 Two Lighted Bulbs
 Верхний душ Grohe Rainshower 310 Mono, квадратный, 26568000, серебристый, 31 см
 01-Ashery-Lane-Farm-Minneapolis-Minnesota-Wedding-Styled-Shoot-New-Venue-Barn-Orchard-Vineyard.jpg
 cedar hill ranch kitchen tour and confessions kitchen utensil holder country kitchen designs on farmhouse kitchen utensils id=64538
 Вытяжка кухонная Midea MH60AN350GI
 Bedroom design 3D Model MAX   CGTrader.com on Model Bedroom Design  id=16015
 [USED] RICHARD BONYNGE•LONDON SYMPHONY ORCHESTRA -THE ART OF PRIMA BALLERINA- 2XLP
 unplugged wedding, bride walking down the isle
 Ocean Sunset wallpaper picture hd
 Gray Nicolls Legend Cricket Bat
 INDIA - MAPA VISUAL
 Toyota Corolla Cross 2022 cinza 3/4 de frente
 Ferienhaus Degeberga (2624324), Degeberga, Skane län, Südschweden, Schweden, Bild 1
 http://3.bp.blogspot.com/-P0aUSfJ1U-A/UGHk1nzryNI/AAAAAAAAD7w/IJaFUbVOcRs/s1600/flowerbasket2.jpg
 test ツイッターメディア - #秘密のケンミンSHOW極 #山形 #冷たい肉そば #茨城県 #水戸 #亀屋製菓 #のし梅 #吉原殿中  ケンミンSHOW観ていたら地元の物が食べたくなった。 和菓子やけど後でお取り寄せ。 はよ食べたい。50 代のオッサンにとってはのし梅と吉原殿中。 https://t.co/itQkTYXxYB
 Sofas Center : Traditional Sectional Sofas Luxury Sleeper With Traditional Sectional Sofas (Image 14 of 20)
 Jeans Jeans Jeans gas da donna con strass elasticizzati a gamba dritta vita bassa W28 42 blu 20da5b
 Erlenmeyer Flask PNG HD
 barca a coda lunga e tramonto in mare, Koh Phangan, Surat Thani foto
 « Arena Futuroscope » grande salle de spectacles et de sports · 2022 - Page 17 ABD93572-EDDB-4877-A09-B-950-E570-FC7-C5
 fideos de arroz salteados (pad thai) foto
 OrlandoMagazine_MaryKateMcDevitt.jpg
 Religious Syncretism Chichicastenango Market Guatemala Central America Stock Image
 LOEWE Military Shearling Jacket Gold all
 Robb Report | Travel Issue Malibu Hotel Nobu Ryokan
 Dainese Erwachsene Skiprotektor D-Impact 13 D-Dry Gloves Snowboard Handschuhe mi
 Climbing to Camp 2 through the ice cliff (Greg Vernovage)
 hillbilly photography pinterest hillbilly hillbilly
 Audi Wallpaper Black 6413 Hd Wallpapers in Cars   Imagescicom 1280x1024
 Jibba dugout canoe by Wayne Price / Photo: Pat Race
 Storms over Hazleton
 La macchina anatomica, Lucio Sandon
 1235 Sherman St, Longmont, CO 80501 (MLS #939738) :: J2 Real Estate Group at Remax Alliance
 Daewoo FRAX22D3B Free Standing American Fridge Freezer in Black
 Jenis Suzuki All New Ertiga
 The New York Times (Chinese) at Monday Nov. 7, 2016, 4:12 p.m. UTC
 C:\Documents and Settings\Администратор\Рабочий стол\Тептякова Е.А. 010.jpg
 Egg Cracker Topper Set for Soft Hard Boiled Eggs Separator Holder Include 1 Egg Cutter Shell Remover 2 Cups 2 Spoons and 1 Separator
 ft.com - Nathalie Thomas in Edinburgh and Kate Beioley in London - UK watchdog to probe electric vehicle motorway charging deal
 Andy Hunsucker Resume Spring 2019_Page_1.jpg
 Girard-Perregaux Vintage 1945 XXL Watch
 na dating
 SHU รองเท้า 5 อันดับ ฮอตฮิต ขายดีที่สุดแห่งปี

============================================================

§ Task statement: Exactly repeat the lines running from the top of the listing to the line bearing "cedar hill ranch", both of those lines included, and only them.

§ Answer section:
 Two Lighted Bulbs
 Верхний душ Grohe Rainshower 310 Mono, квадратный, 26568000, серебристый, 31 см
 01-Ashery-Lane-Farm-Minneapolis-Minnesota-Wedding-Styled-Shoot-New-Venue-Barn-Orchard-Vineyard.jpg
 cedar hill ranch kitchen tour and confessions kitchen utensil holder country kitchen designs on farmhouse kitchen utensils id=64538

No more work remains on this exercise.